EBS BUILDING Society became the last of the six guaranteed Irish financial institutions to raise funding in a public bond sale using the bank guarantee when it raised €1 billion from investors.
This brings to €8.1 billion the total amount raised by the lenders from the sale of guaranteed bonds.
EBS completed a €200 million bond issue under the guarantee in February, but this was sold to one investor. The latest bond was sold to 50 investors in 12 countries, with demand to buy €1.1 billion. The building society had initially planned to raise €750 million.
EBS paid the highest margin of the six lenders since the sale of State-backed bonds began last November when AIB, the State’s largest bank, raised €2 billion.
This reflects the growing risk associated with Irish financial institutions over the past five months.
EBS paid 200 basis points, or 2 per cent, over the mid-swap rate, the benchmark used to price bonds in the debt markets.
This compares with a margin of 55 basis points over the benchmark rate paid by AIB and 65 basis points for Bank of Ireland’s €2 billion bond last November.
Anglo Irish Bank paid 80 basis points over the rate for €1.5 billion last December, while Irish Nationwide paid 70 basis points over the rate for a £325 million (€372 million) bond late last year.
Irish Life Permanent raised €1 billion in February, paying 175 basis points over the base rate.
The Department of Finance co-ordinated the series of bond sales in sequence under the guarantee scheme to ensure no one lender would absorb all of the funding that could be available to Irish banks among bond investors.
Irish Life Permanent was due to be third in the sequence, but was asked by the department to delay its bond issue to allow Anglo Irish, which was originally fourth in the queue, to sell a bond before its annual results last December.

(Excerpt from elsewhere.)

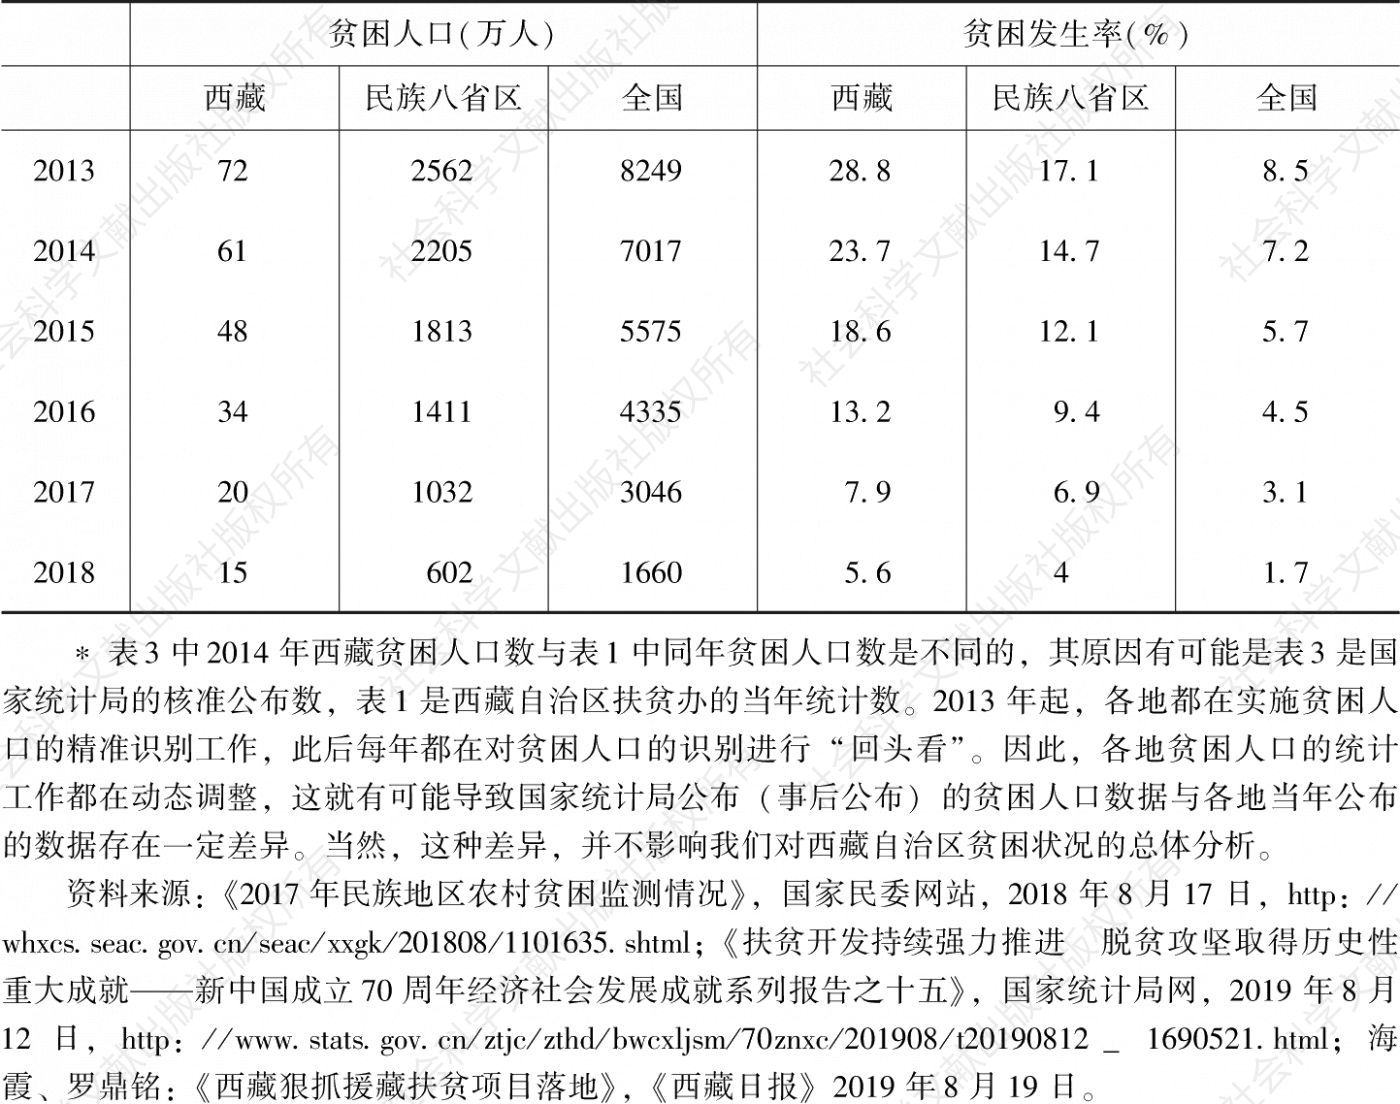 表2-3 西藏与民族八省区、全国贫困人口和贫困发生率比较*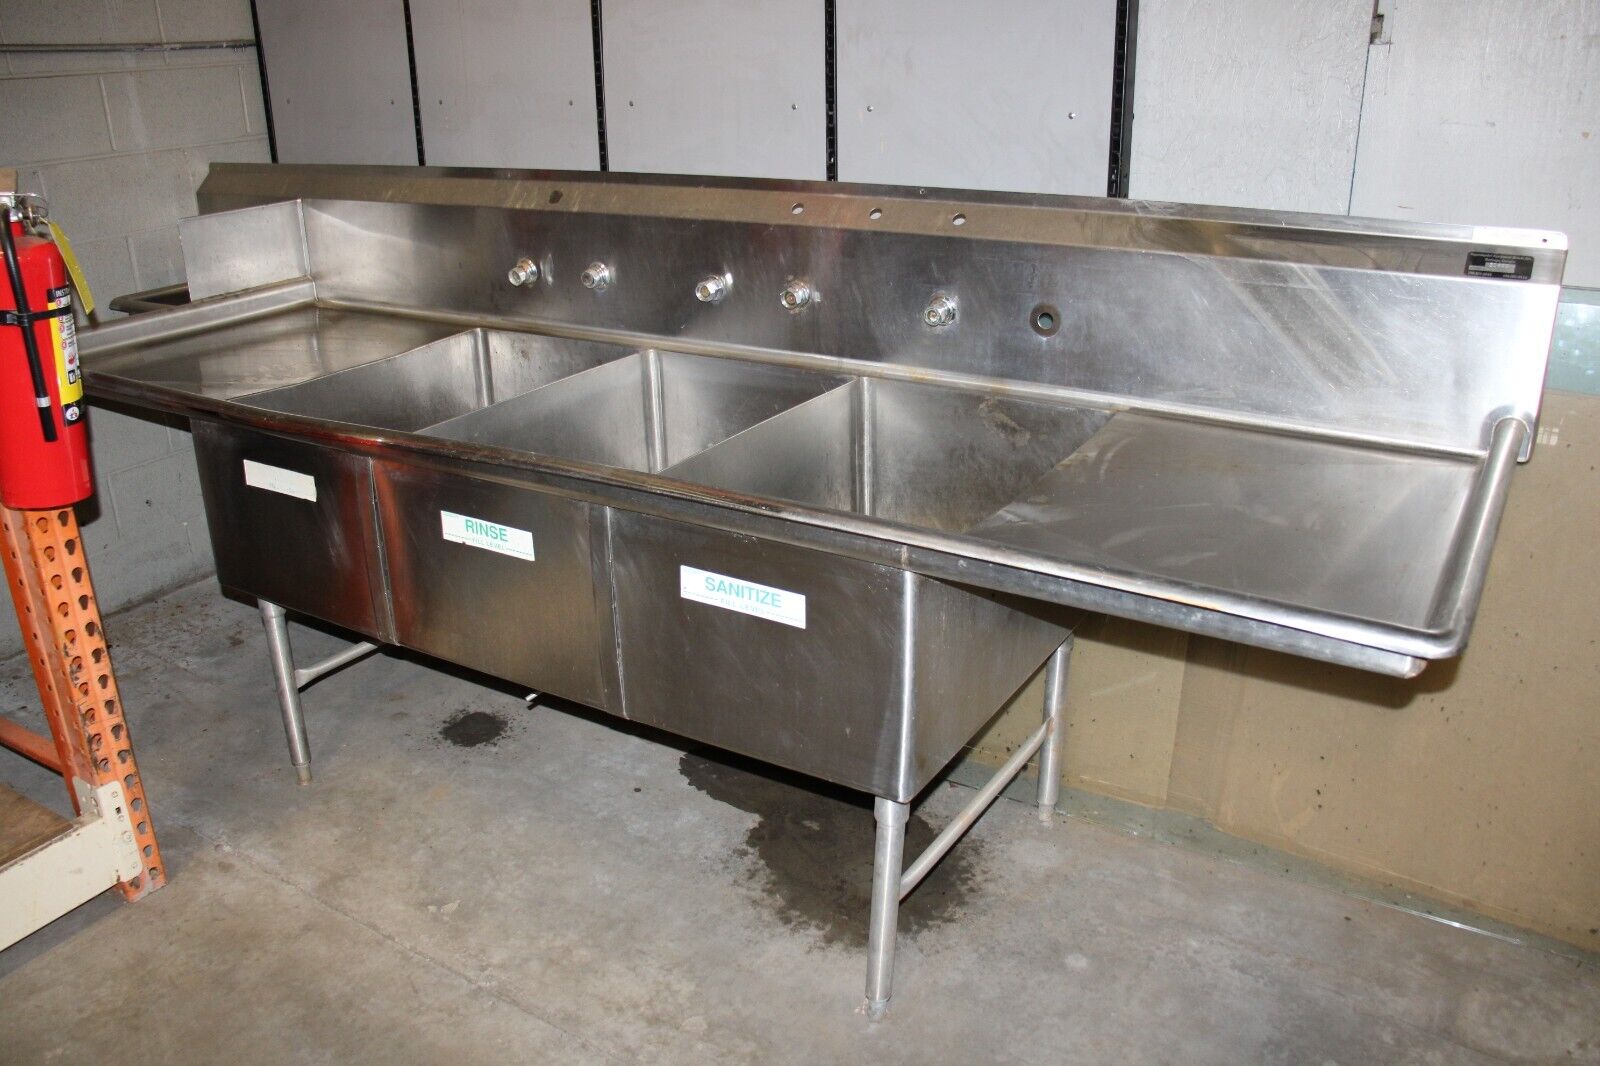 3 Bin Stainless Steel Commercial Sheet Pan Sink

EBS said the €1 billion bond issue would strengthen its funding and liquidity position.
“To be able to complete a €1 billion issue proves that even in the exceptionally difficult times we are living through, both Ireland and EBS can attract foreign investment,” the building society said.
The debt issue followed the re-affirming of its A2 rating by credit rating agency Moody’s.
EBS said that more than half the €1 billion raised came from international investors, which included fund managers, private banks, insurers and central banks.
The scale of individual investments ranged from €100 million to orders of less than €1 million.